- _YOUR TASK_: Give exactly the lines from the one with "Оптимальные размеры гаража" through the final line of the listing below, both included, leaving out any pictures.

- _SOURCE DATA_:
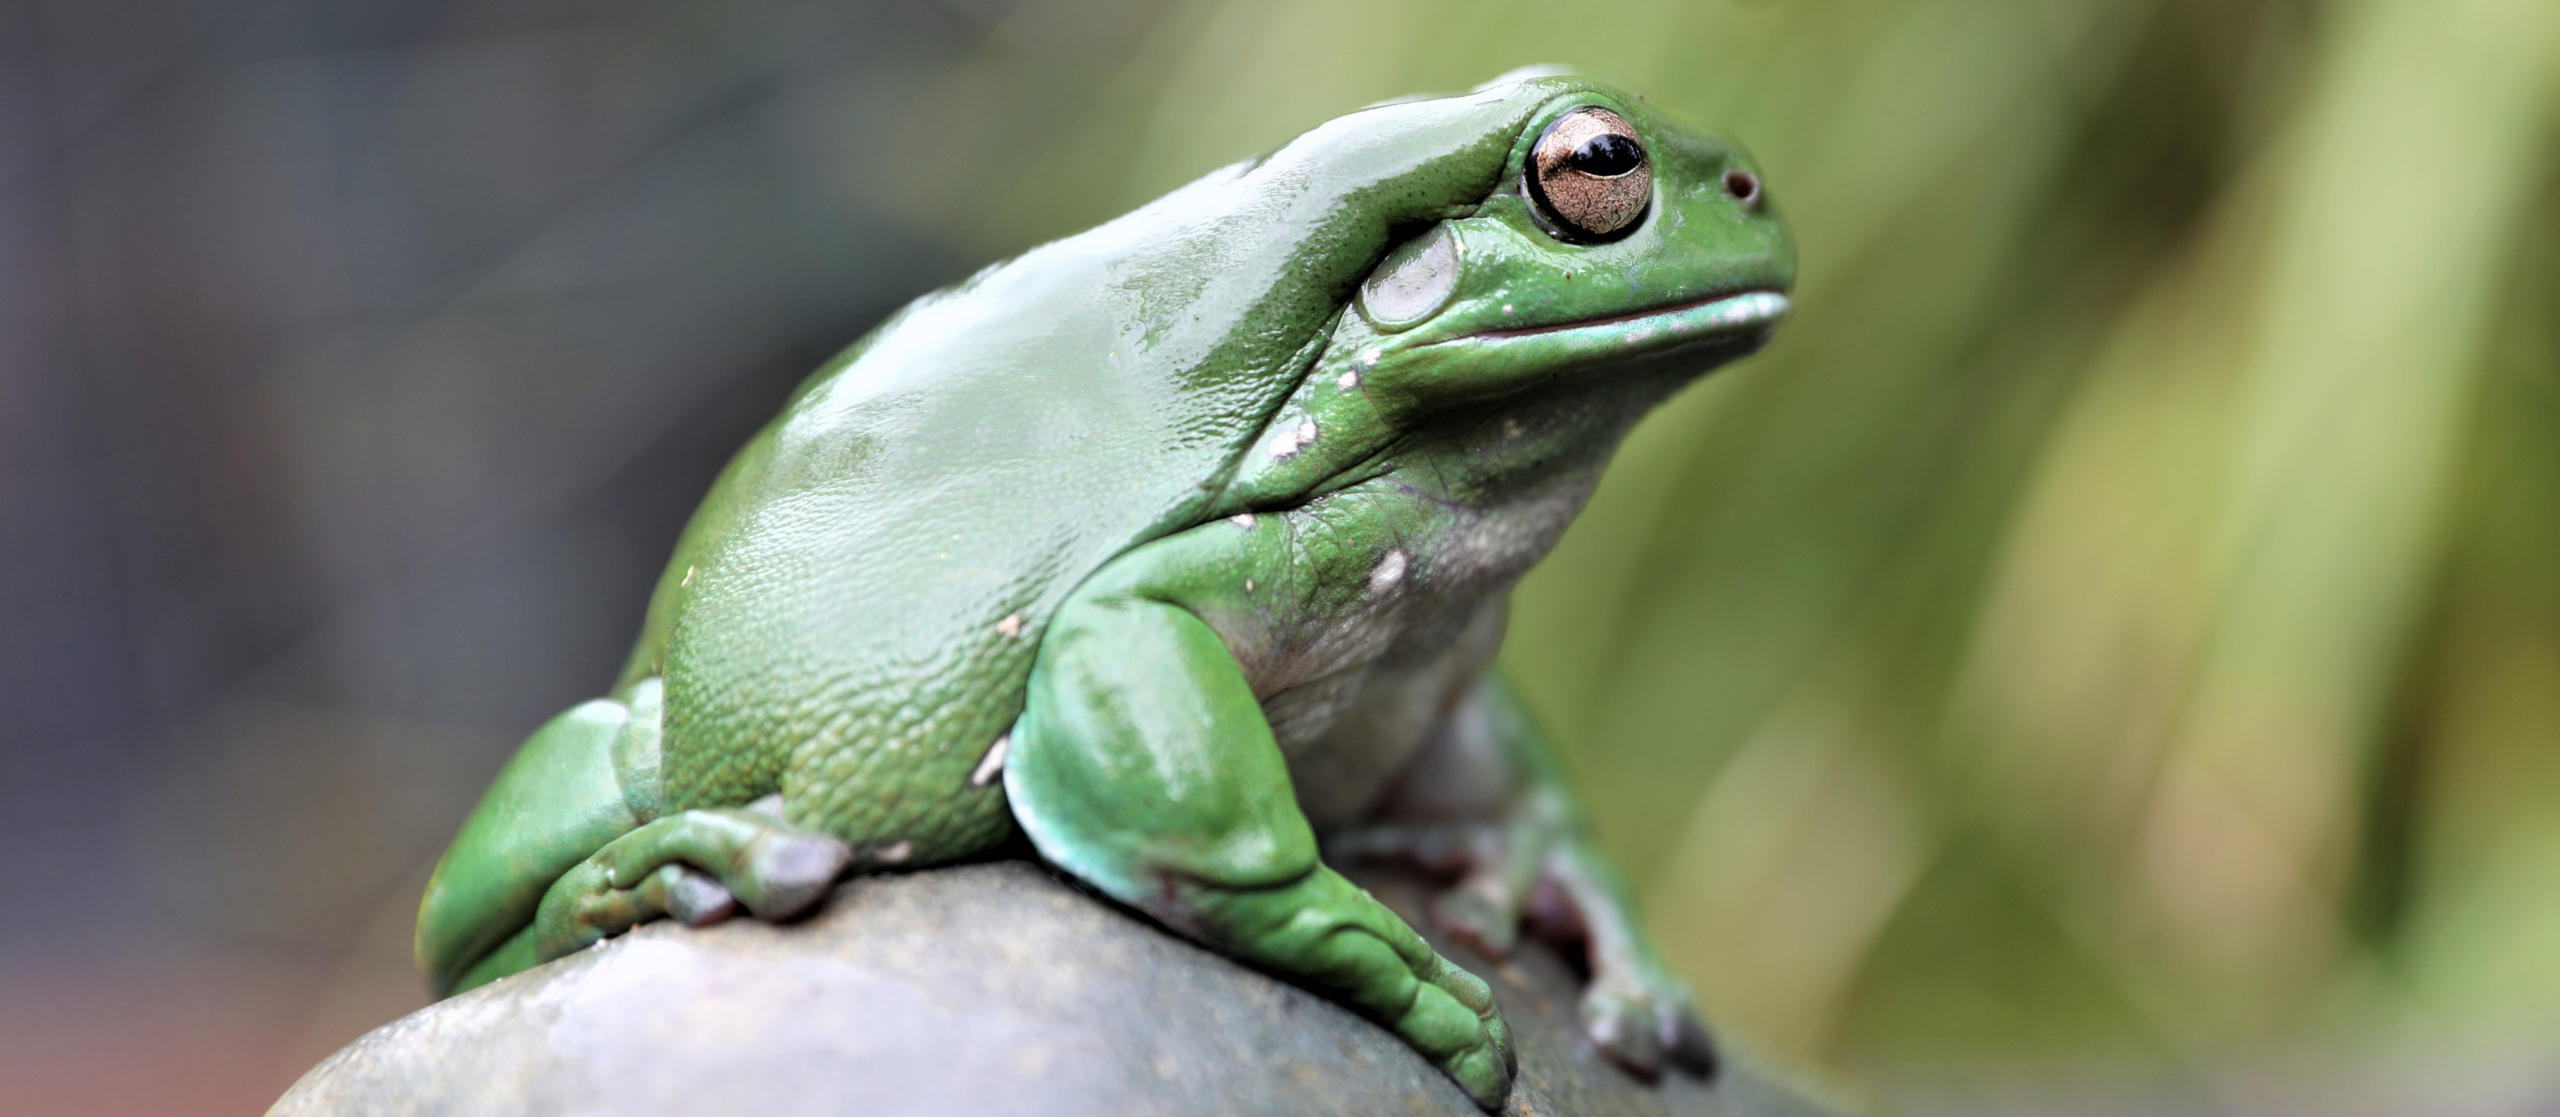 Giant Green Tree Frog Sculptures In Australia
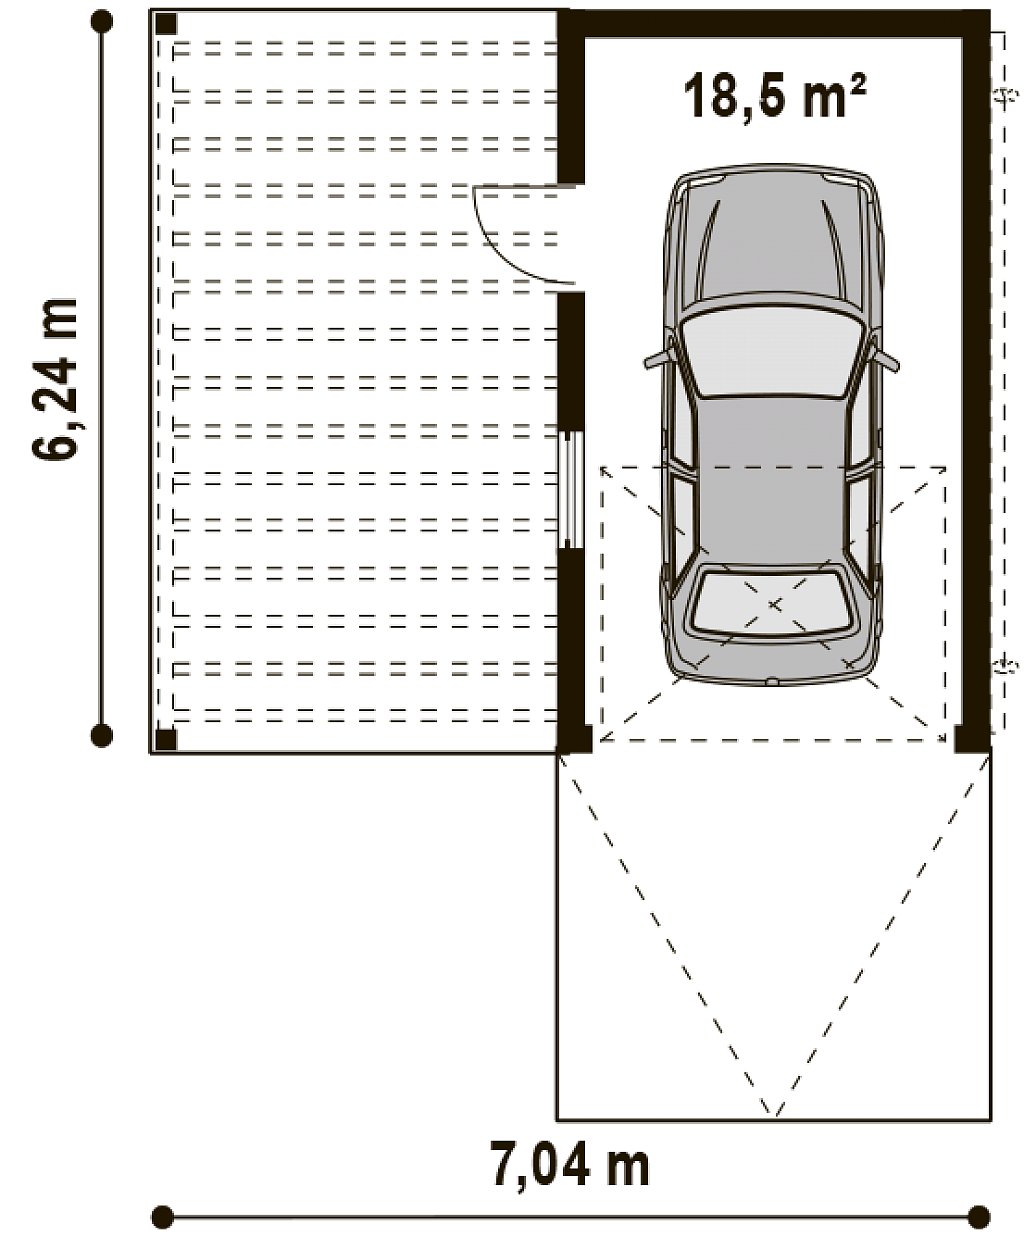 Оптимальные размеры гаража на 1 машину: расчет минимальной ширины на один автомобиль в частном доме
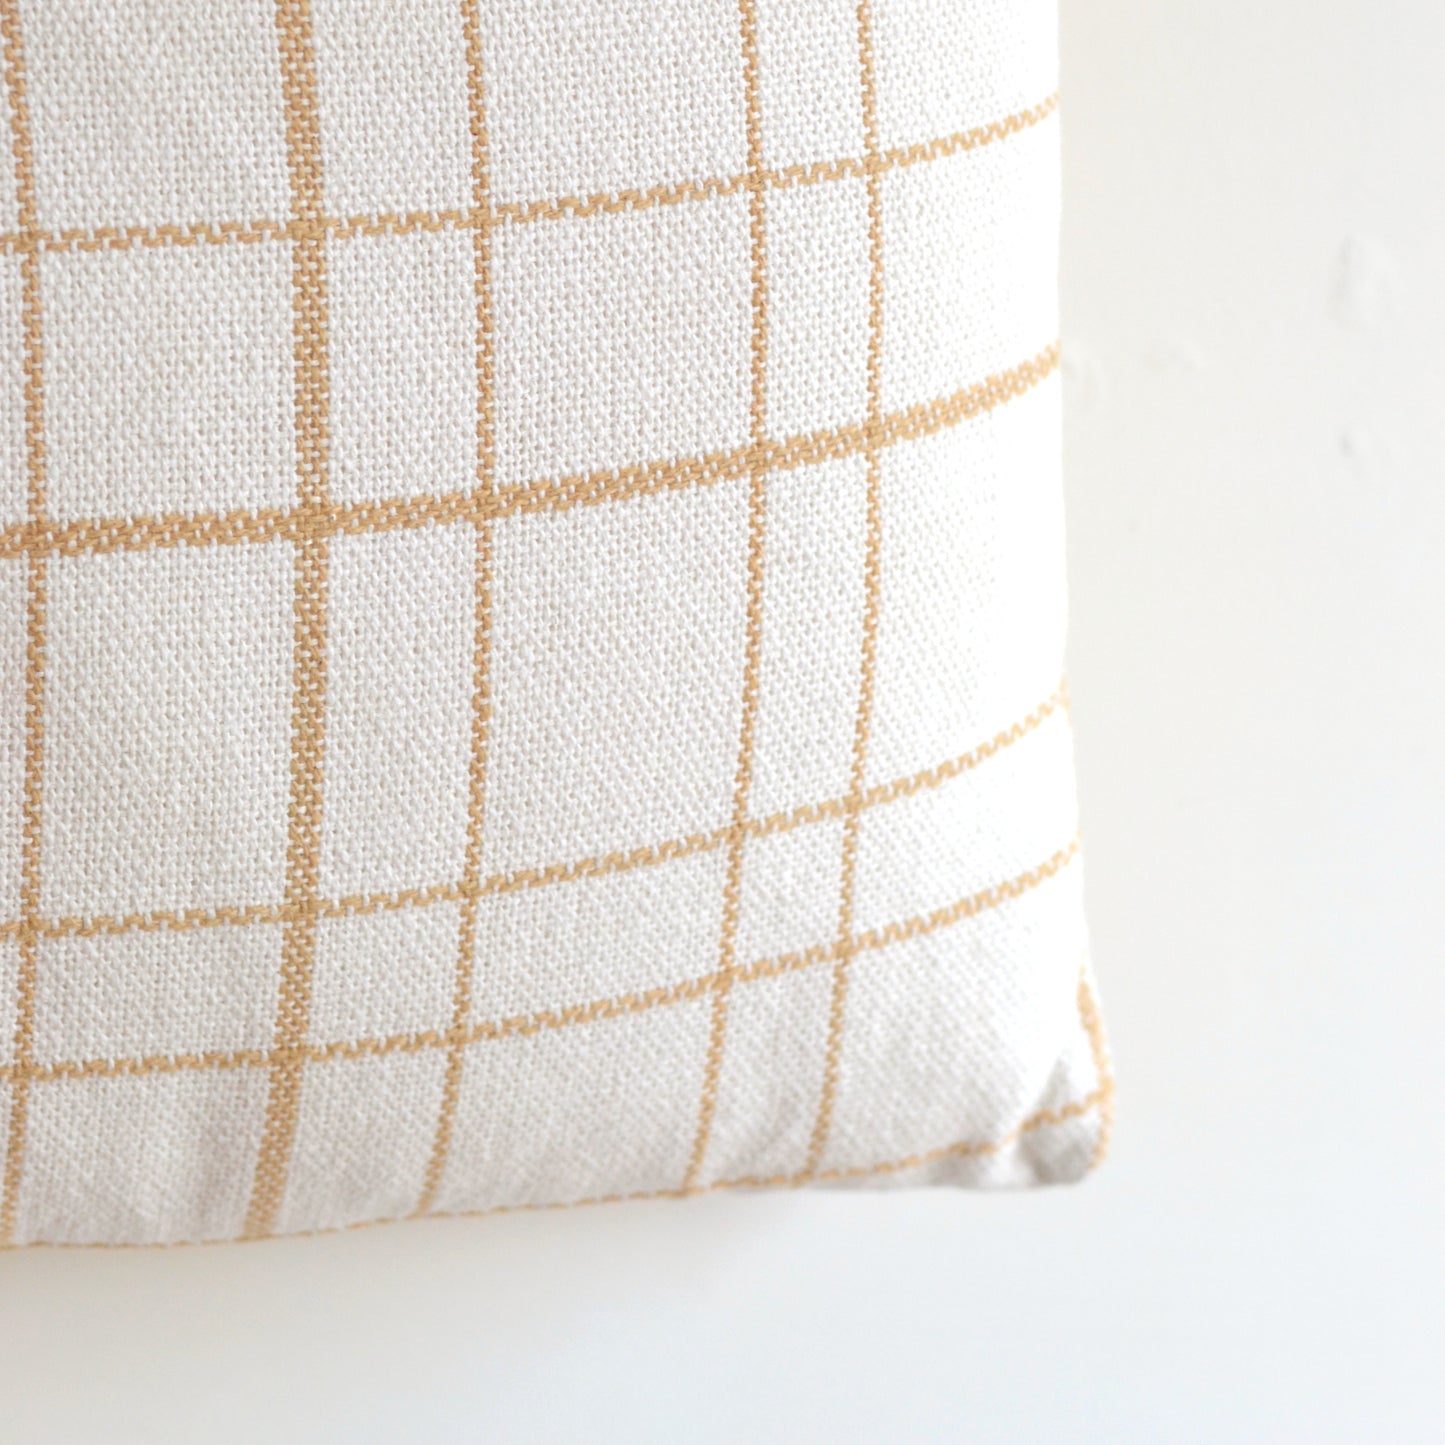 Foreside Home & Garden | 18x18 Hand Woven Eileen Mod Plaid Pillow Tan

- _ANSWER FOR THIS EXERCISE_:
 Оптимальные размеры гаража на 1 машину: расчет минимальной ширины на один автомобиль в частном доме
 Foreside Home & Garden | 18x18 Hand Woven Eileen Mod Plaid Pillow Tan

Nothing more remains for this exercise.